I made new year resolutions this year, for the first time in as long as I can remember. I’ve got big ideas and bold plans for the year ahead: Writing, Yoga, Adventure. Above all, awareness.

All told, I had a great 2014.  A year of travelling all over the world, a year of creativity and friends and laughter and so many fun times. So many happy photos on Facebook, upbeat updates on Twitter. But there was more going on behind the scenes. There was a lot of "broken-ness". There was sickness and sorrow, jealousy and bitterness, envy and hopelessness. I don’t like to advertise it when I sob on the floor. I don’t think any of us do. 

When I thought about this post, I was going to post an artful little shot of my resolution preparation: notebook, fire, glass of wine. 

But fuck that. 

You wouldn’t be able to see the counter full of dishes, the rumpled bed, the dust and dirt that accumulates when I’m busy pursuing my dreams (or procrastinating). 

It wasn't perfect. But I am really excited about the year ahead. I don't know where it will lead, just like I couldn't have predicted where 2014 would lead. Sometimes that's really scary. Sometimes I don't know what I am doing at all. Sometimes I feel broken, lost, messy.

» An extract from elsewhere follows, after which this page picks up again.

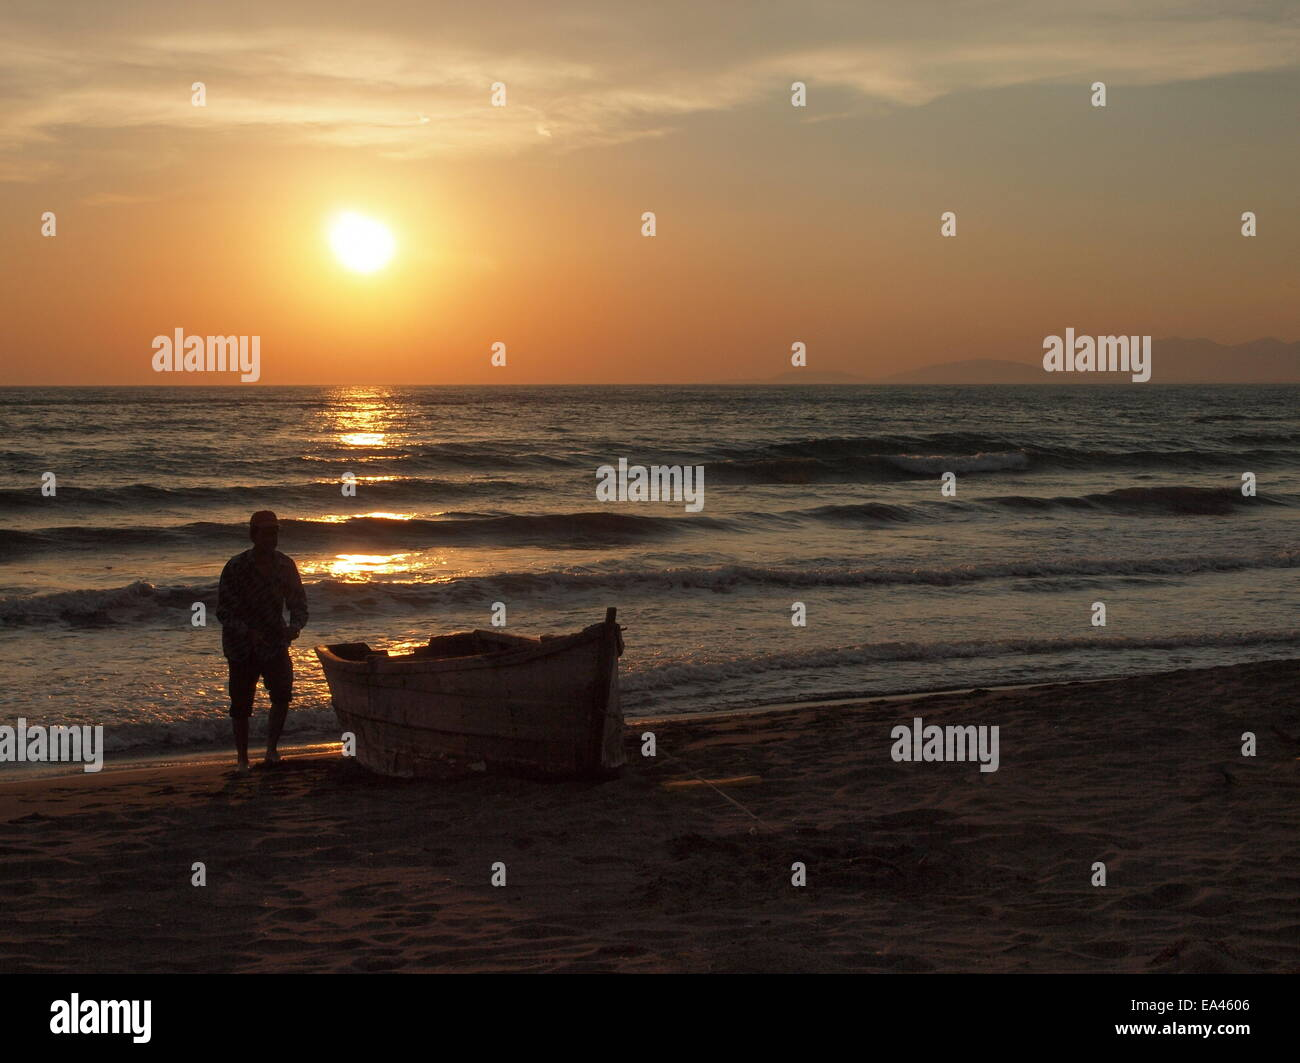 Fisherman in Albania at sunset - Stock Image

But then I look back and so much has happened even in the darkest times.

So, if you are feeling broken, lost, messy, alone or like you don’t know what you are doing or where you are going? You are not alone, I have you in my heart <3

 

To keep track for myself for those days when all feels lost, in no particular order, here’s what I am most proud of myself for accomplishing in 2014:

- Finished the first draft of my novel

- Gave a talk about play and the occult at game festival (twice!)

- Brought a game I designed to a game festival (twice!)

- Saved up and went to Thailand for a month

- Taught project management to some fantastic students in DIT

- Actually made rent money from writing

- Sustainably supported myself through freelancing work for the first time

- Met and talked about writing with two of my heroes (M John Harrison & Grant Morrison)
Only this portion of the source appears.